I'm actually asking on behalf of my daughter (who has to file her own return).

She is currently studying in a university in Israel. She has finished her undergraduate degree (in 3 years, as is customary here) and this year she has been taking make-up courses because she has changed fields for her graduate degree.

She has so far filed for and received 2 years of refunds for her tuition. She is asking if she can skip filing for the credit for 2014, and then request it again next year. I'm not getting a clear understanding of this from the IRS website. Can it be any 4 years, or do they have to be consecutive?

Also, she tells me that she was charged a full year's tuition for this year, even though she has only taken about 1/3 the number of credits for a full-time year (and it seems that you can only request the refund if you've taken 1/2 the number of credits). She expects that she will get a refund/credit for the tuition overpayment, and I don't know if that should affect her decision in this matter.

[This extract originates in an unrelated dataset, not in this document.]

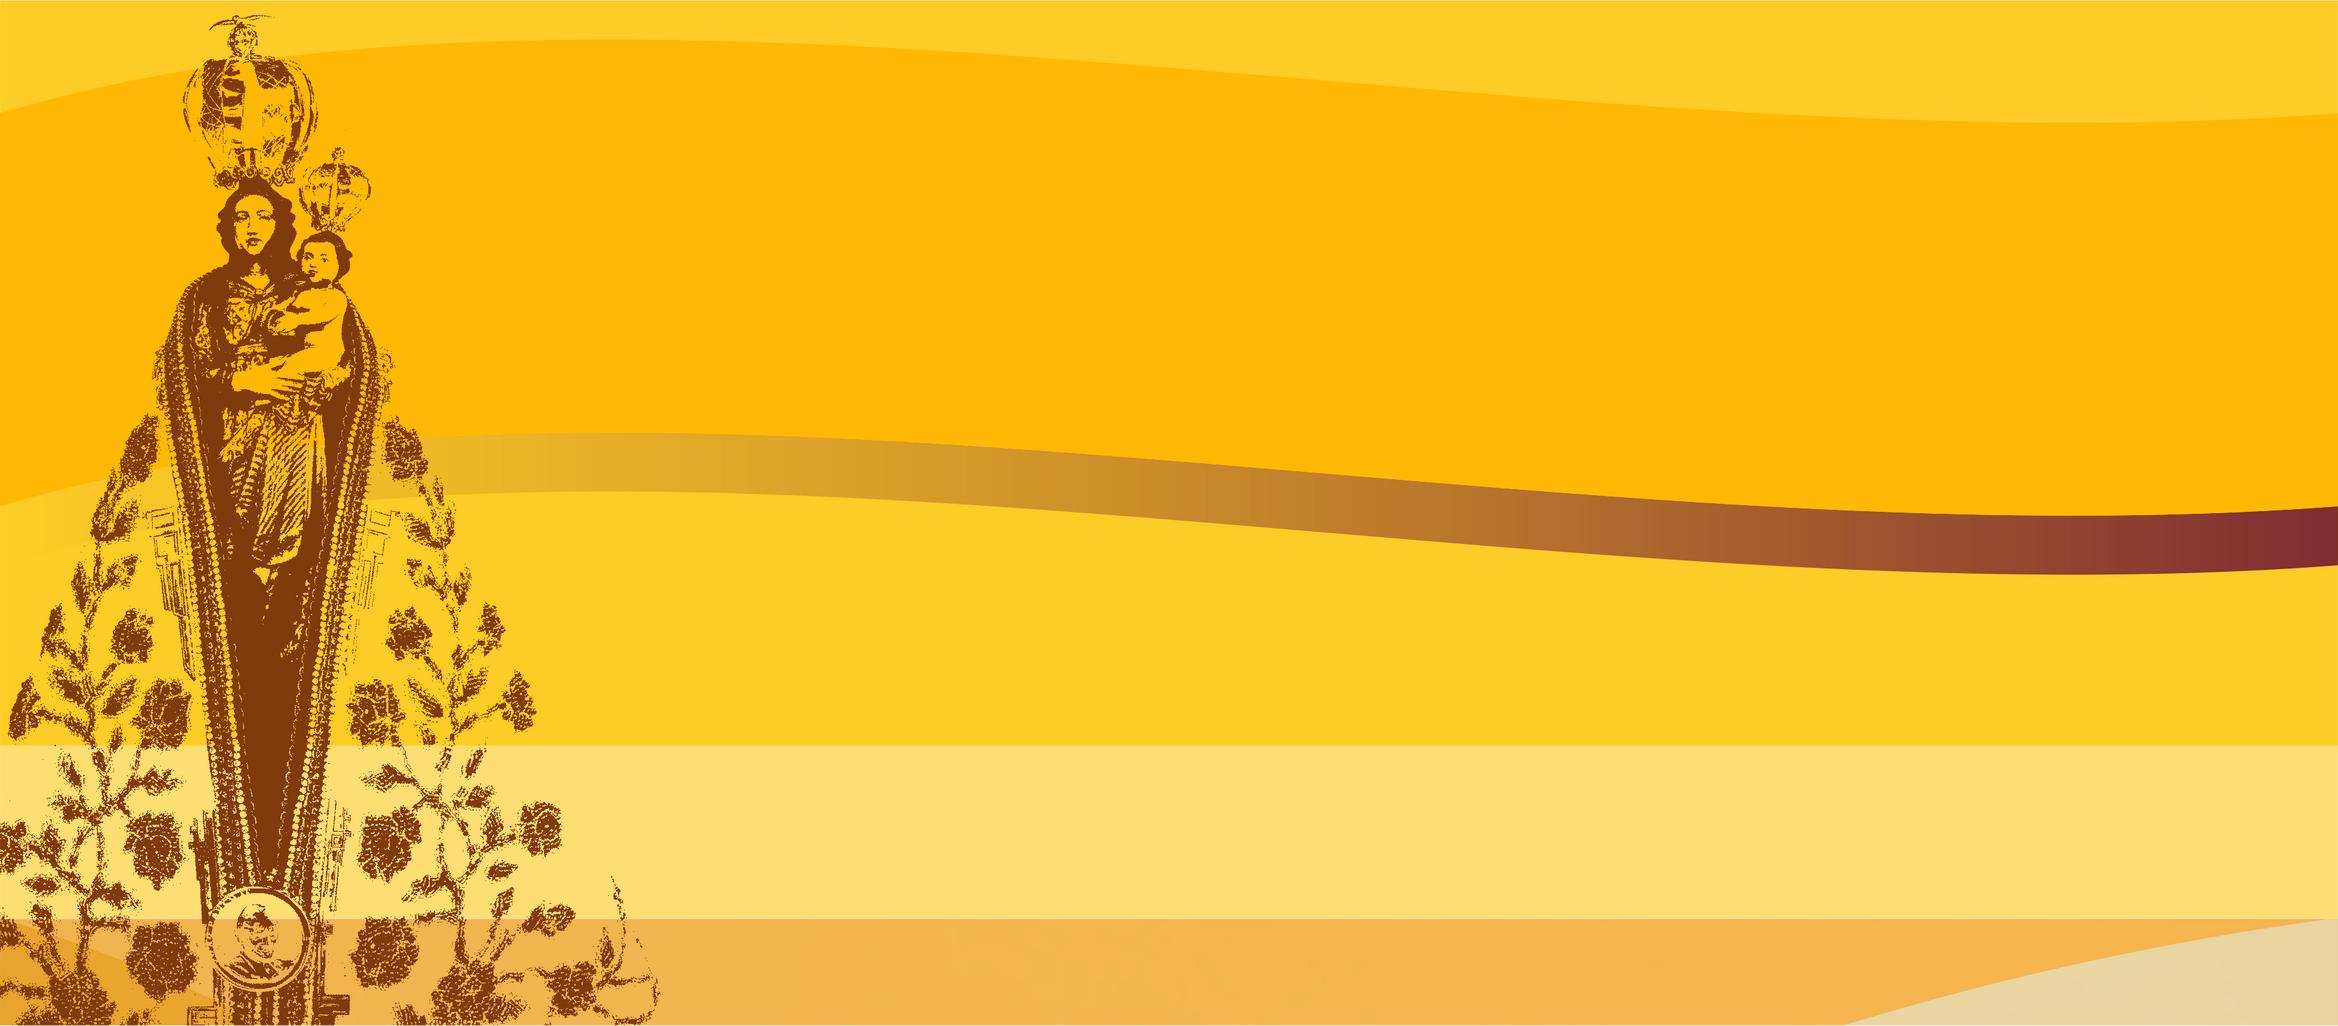 Banner Nortao sem escritos

And yes, she has employment income and needs to file a tax return in any case.

Thanks for any advice.


----------



## BBCWatcher (Dec 28, 2012)

IRS Publication 970 ("Tax Benefits for Education") is a good place to get answers to questions like this one. Chapter 2 deals with the American Opportunity Tax Credit. There is no consecutive years requirement listed in that publication for the AOTC. However, there is a requirement that the student "has not completed the first four years of post-secondary education as of the beginning of the taxable year," so just be careful of that. That's not the same thing as obtaining a degree or graduating (the way that's written), and there doesn't appear to be a course load threshold in that part of the instructions either. But yes, it is possible to skip one (probably only one) tax year when a student is continuously enrolled and still take the full 4 non-consecutive AOTC years. It may also be possible to take the Lifetime Learning tax credit in lieu of the AOTC during that skipped year.


----------